WHAT YOU NEED TO DO | Only one stretch of the data should be retyped: the lines from the line containing "Golden Goose 'Ball" through the line containing "History of architecture". Keep pictures out of it.

DATA TO EXAMINE |
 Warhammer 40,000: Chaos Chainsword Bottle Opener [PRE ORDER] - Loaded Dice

--

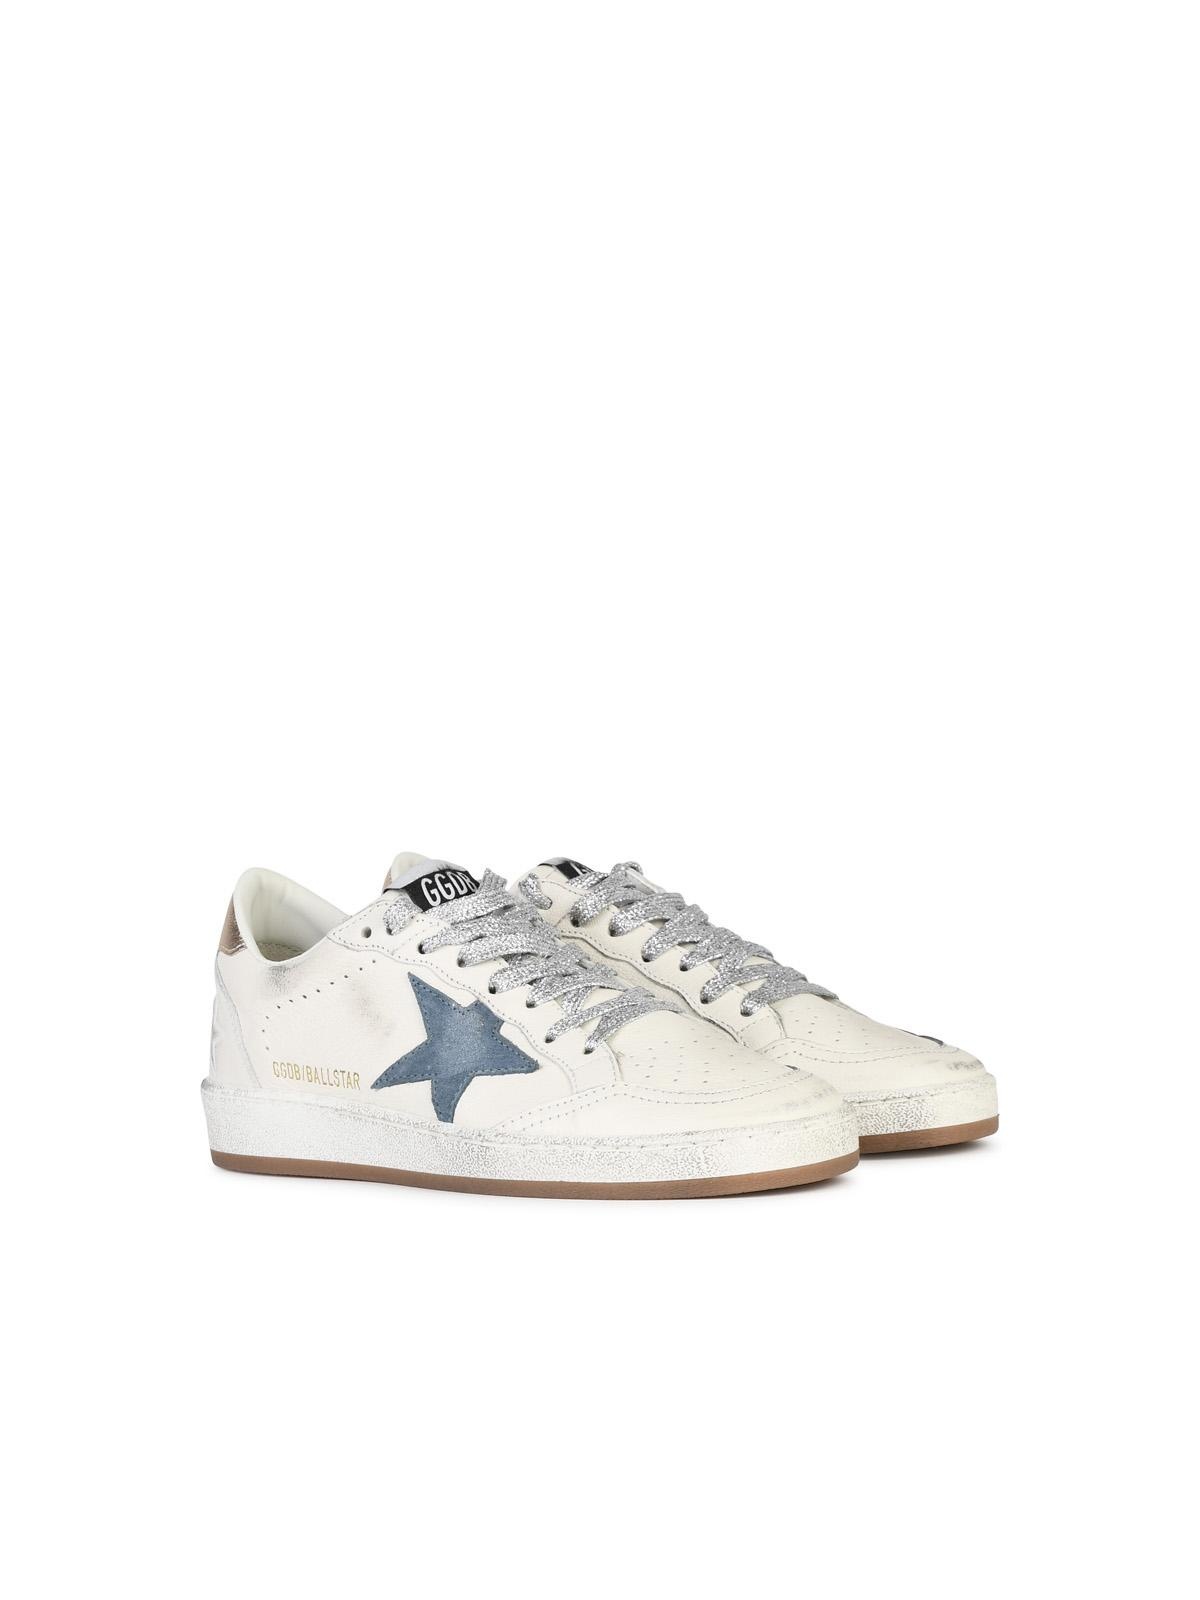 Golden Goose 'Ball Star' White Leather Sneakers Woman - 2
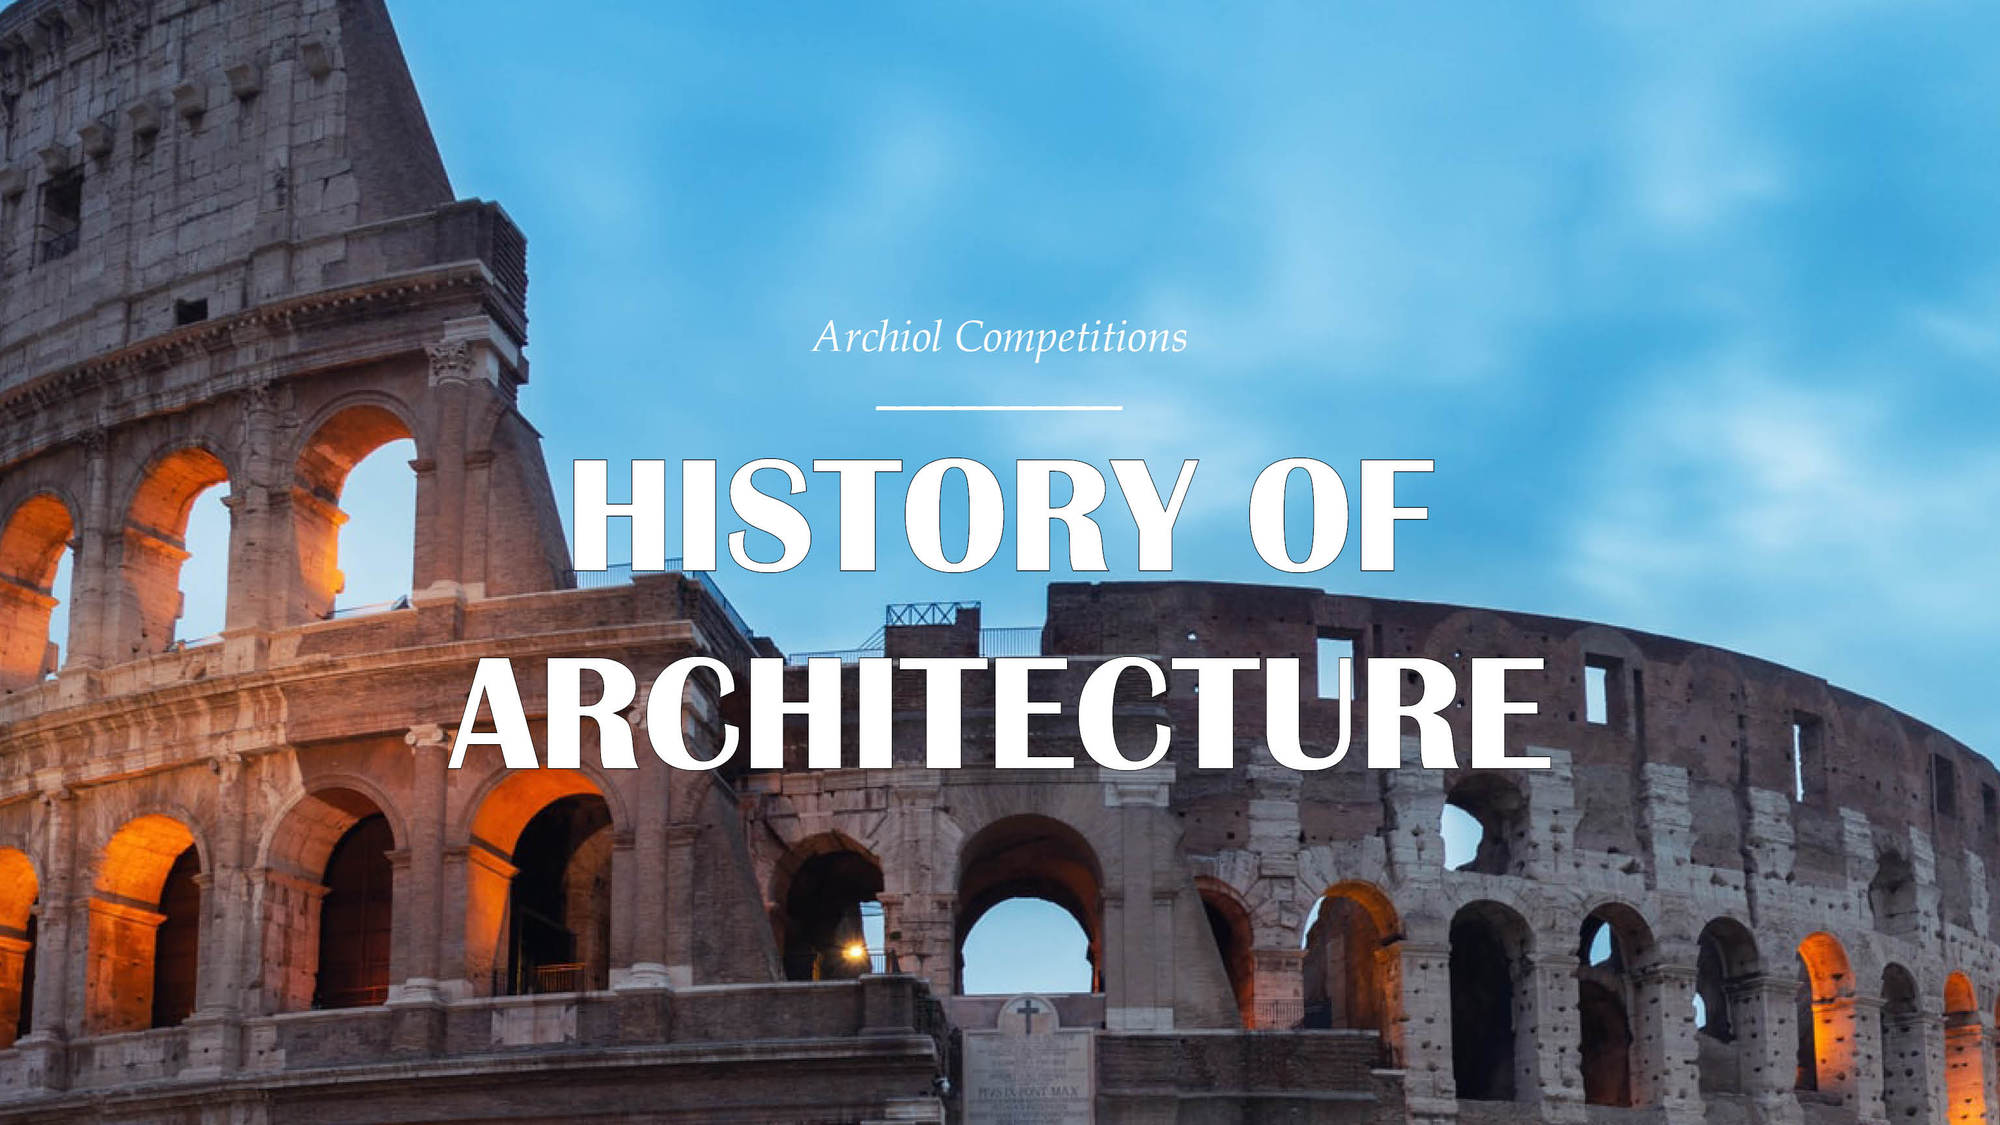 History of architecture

RESULT BELOW |
 Golden Goose 'Ball Star' White Leather Sneakers Woman - 2
 History of architecture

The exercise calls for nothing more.